A report by the Macdonald-Laurier Institute says because of government subsidy programs, Canadian households have been largely shielded from the brunt of the economic woes wrought by COVID-19 lockdown measures. But for large sectors of the economy, nothing could be further from the truth.
In the Macdonald-Laurier Institute’s latest quarterly economic report, titled “A tale of two outcomes: Pandemic relief has hit households and businesses unevenly,” MLI Munk Senior Fellow Philip Cross explores the divergent outcomes experienced through Q3 2020. While there are major differences between industries, Cross finds that the starkest disparities exist when comparing households and businesses.
Savings for households “soared,” even with declines in earned incomes. Cross has noted that much of this trend is due to government transfers to individuals in the form of the CERB and other benefits. Indeed, savings for households increased at over twice the speed of savings growth for businesses, and even then, business savings have been remarkably narrowly based.
“Almost all corporate savings were in the financial sector, as nonfinancial corporations struggled to cope with plunging revenues and profits,” explains Cross. “This is consistent with the messaging from the federal government throughout its pandemic relief efforts of generosity in its approach to households [and suspicion] in dealing with businesses.”
Though the economy has been recovering, experiencing an 8.9 percent jump in the third quarter, it still remains 5.3 percent below pre-lockdown levels. Industries like housing have boomed, whereas travel, hospitality, personal services, and more continue to languish. Furthermore, business investment remains sluggish, with a 13.5 percent decline in 2020 driven by uncertainty, volatility, and the oil price crash experienced in the spring.
However, this lacklustre economic performance might come as some surprise to Canadian households. While unemployment skyrocketed, incomes actually rose, as did savings, for most Canadians. Net savings for households increased by $686.4 billion dollars. By comparison, net savings for corporations eked out a meagre $14.1 billion.

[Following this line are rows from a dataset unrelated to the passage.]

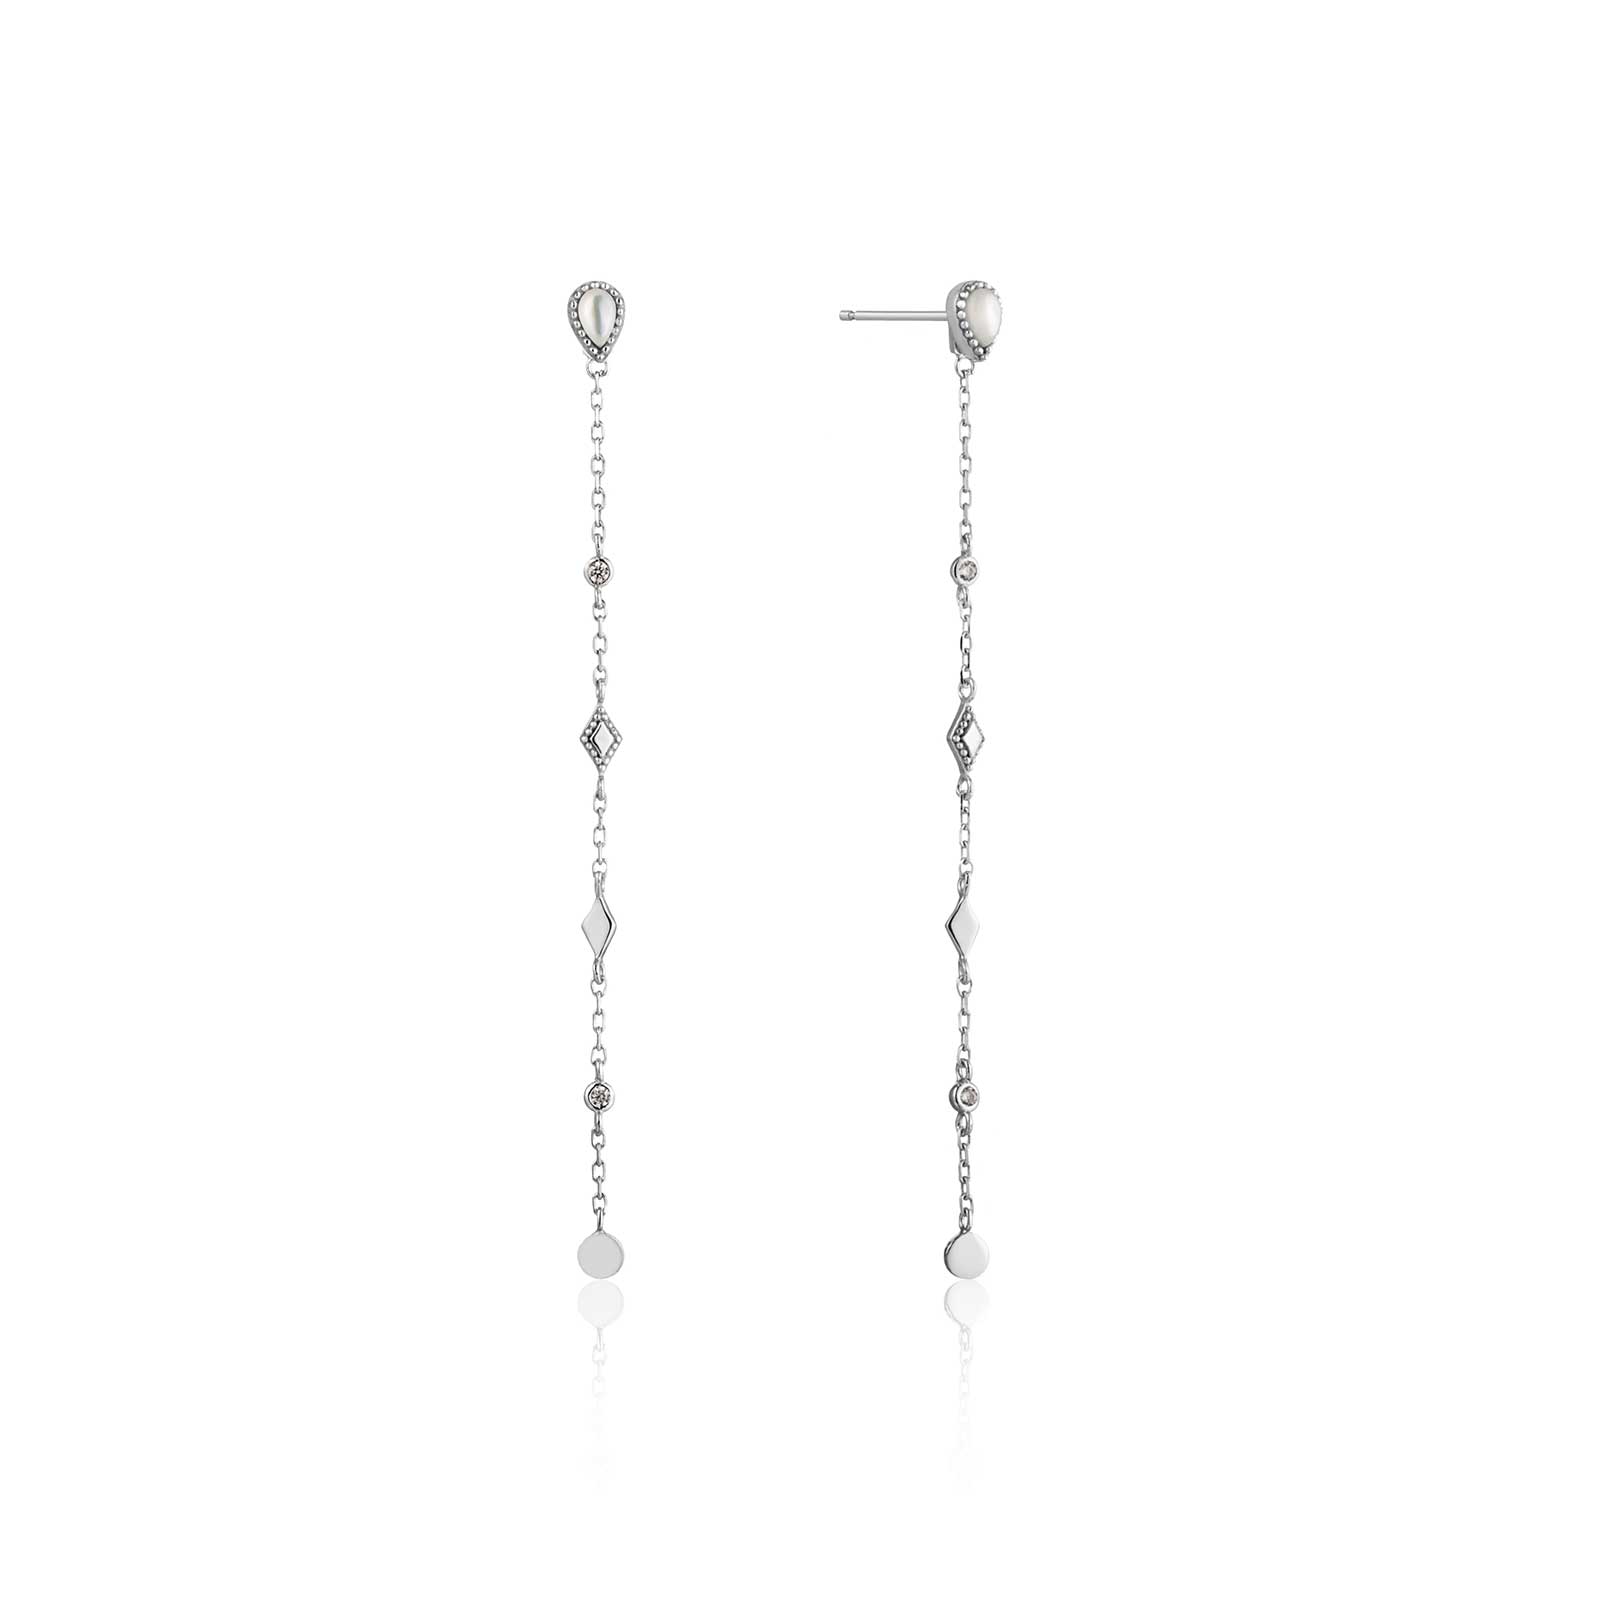 Ania Haie Dream Drop Earrings, Sterling Silver: Precious Accents, Ltd.
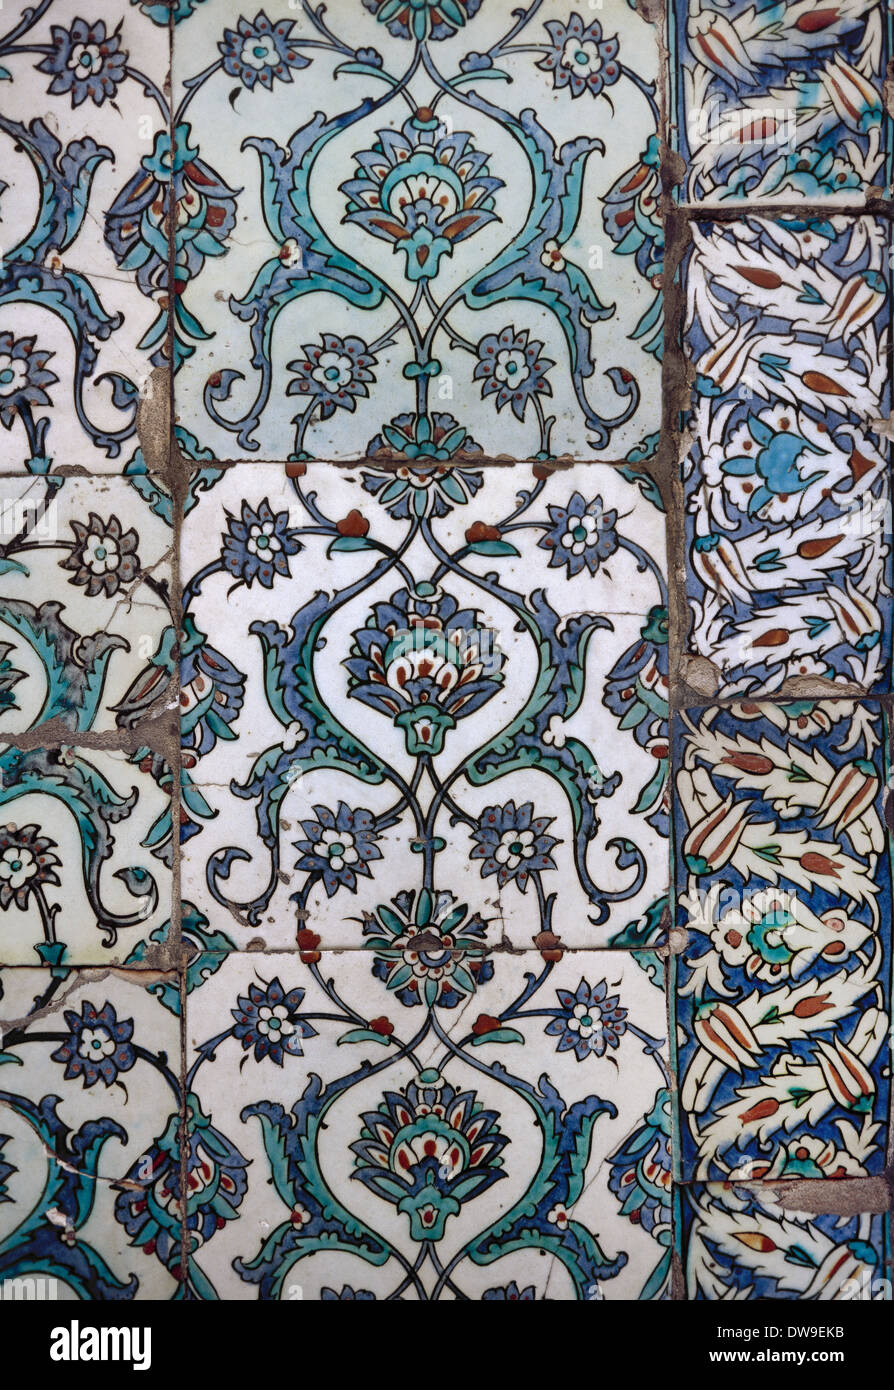 La Turquie. Istanbul. Le Palais de Topkapi. Détail de poterie émaillée qui décore les murs, faite par les potiers d'Iznik. Banque D'Images
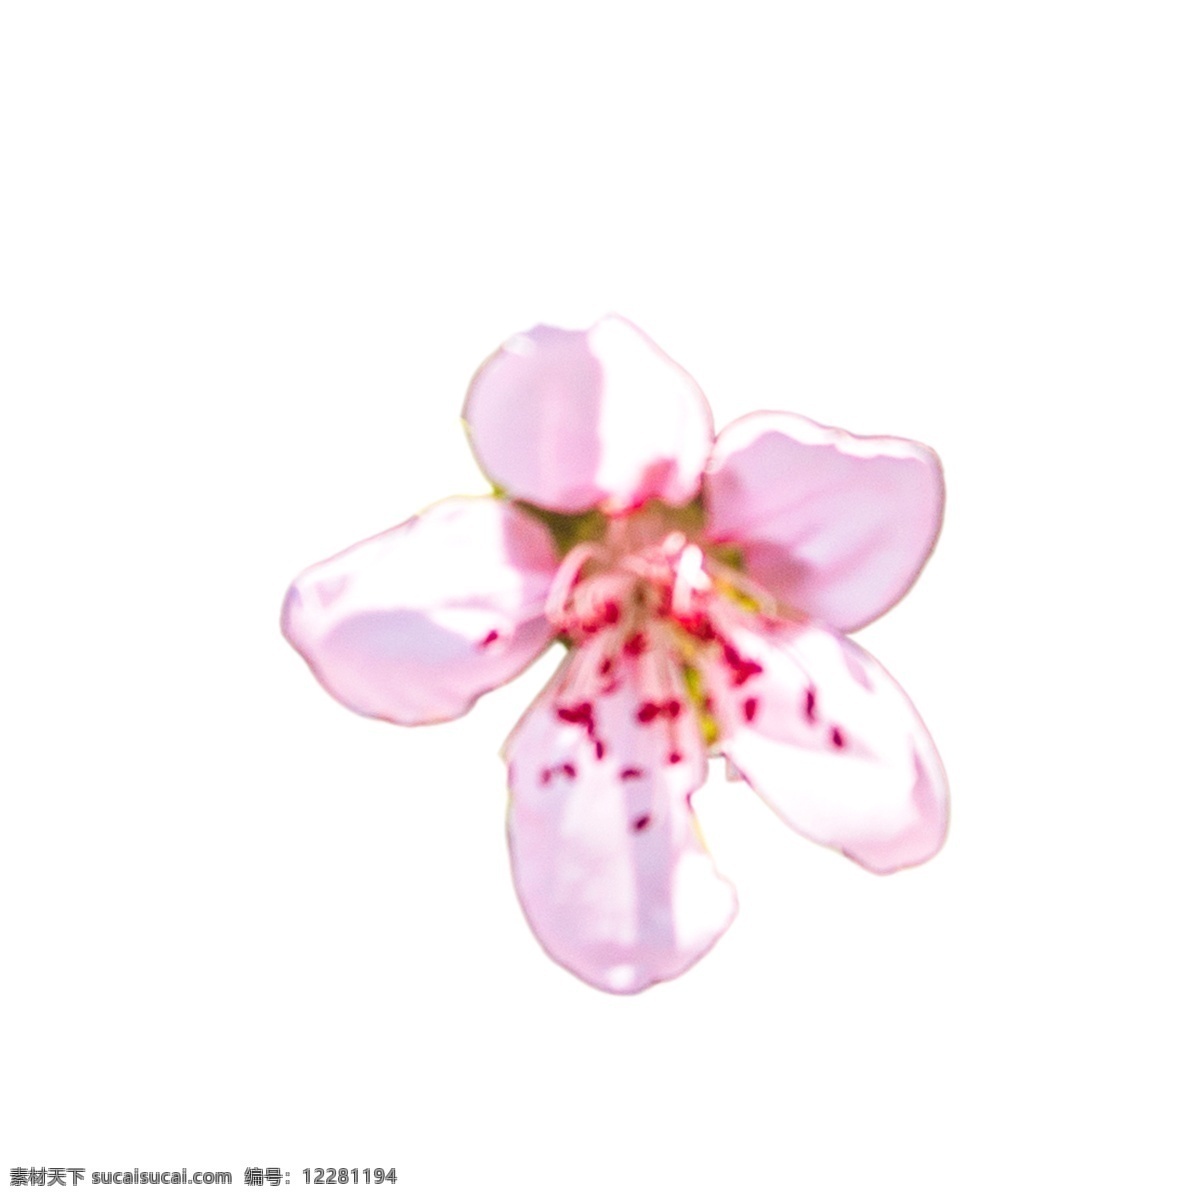 美丽 粉色 花朵 美丽花朵 粉色鲜花 鲜花花蕊 卡通插图 创意卡通下载 插图 png图下载
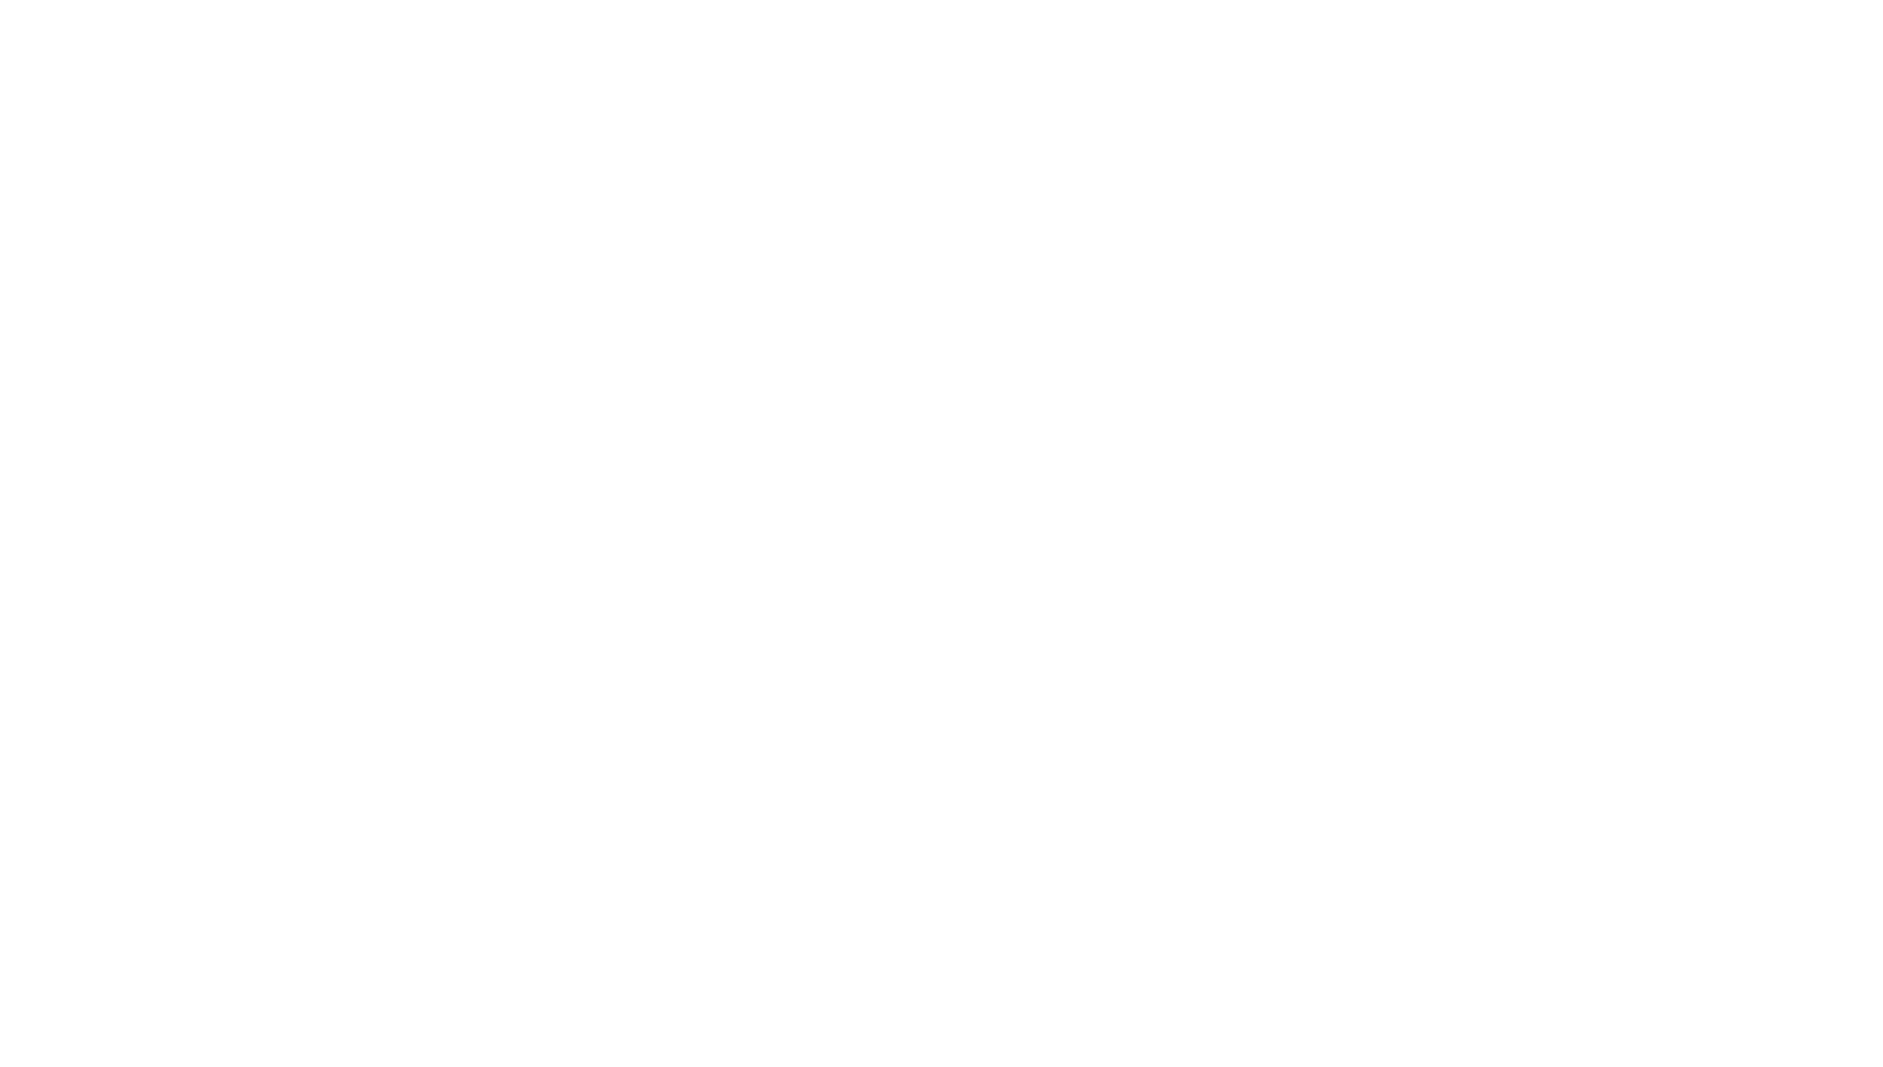 Cake Boss logo
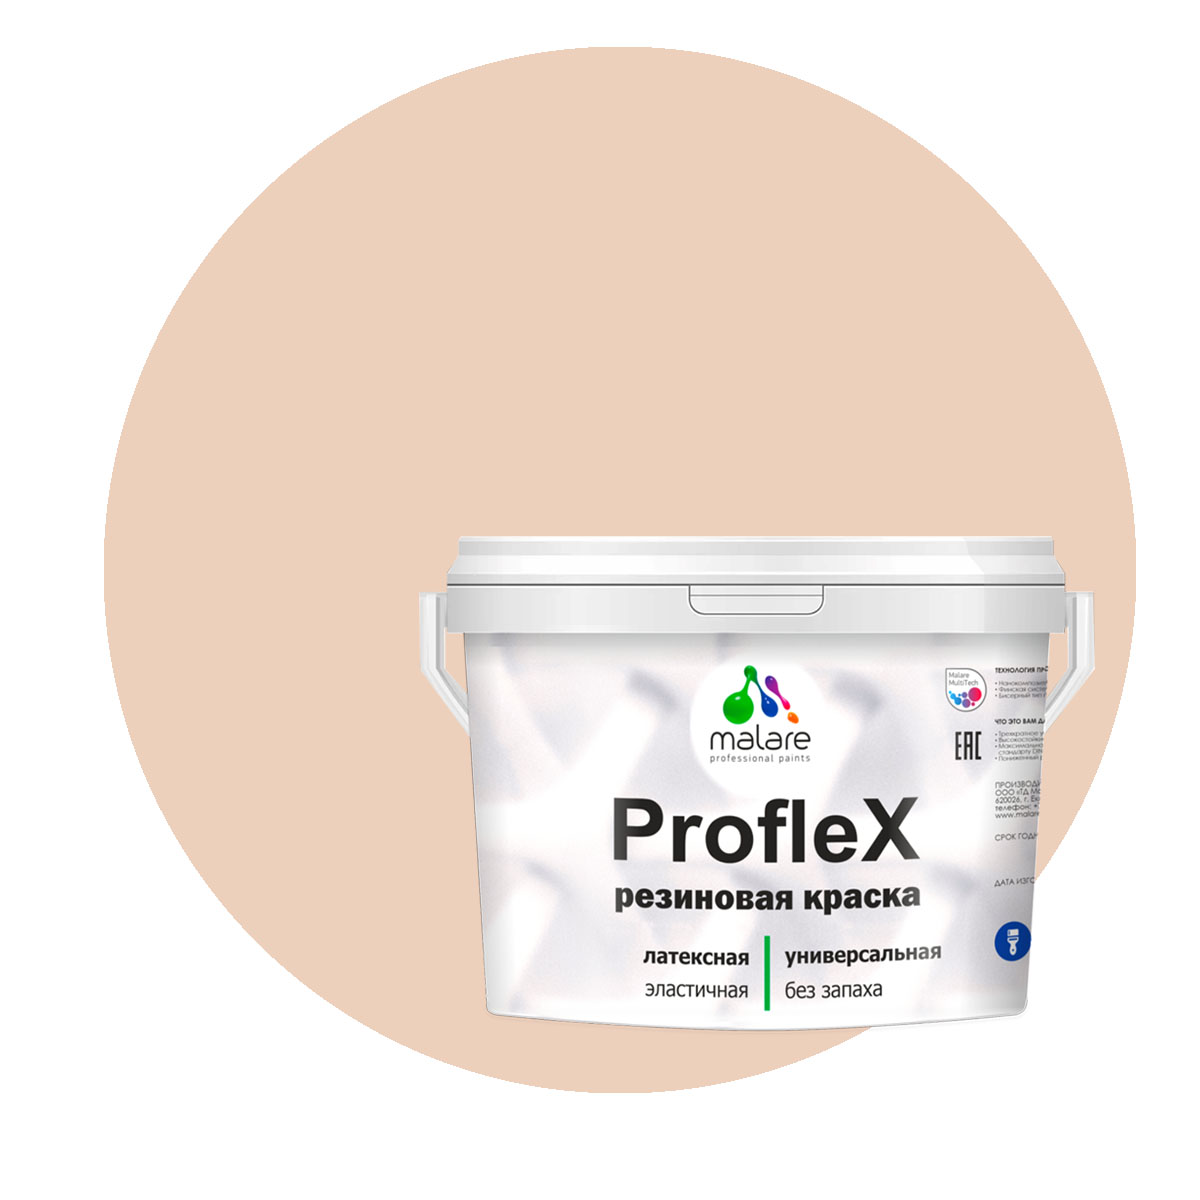 Краска Malare ProfleX для фасадов, интерьера, мебели, эффект дежавю, 10 кг.

Excluding the financial sector, net savings by corporations actually fell by $90.4 billion.
“Both persons and firms began increasing their cash holdings at banks from the moment the pandemic began, presumably motivated by the massive uncertainty surrounding both the pandemic and how government would respond,” writes Cross. “These cash holdings rose even before governments began transferring record amounts of income support, especially to households.”
The full report is here.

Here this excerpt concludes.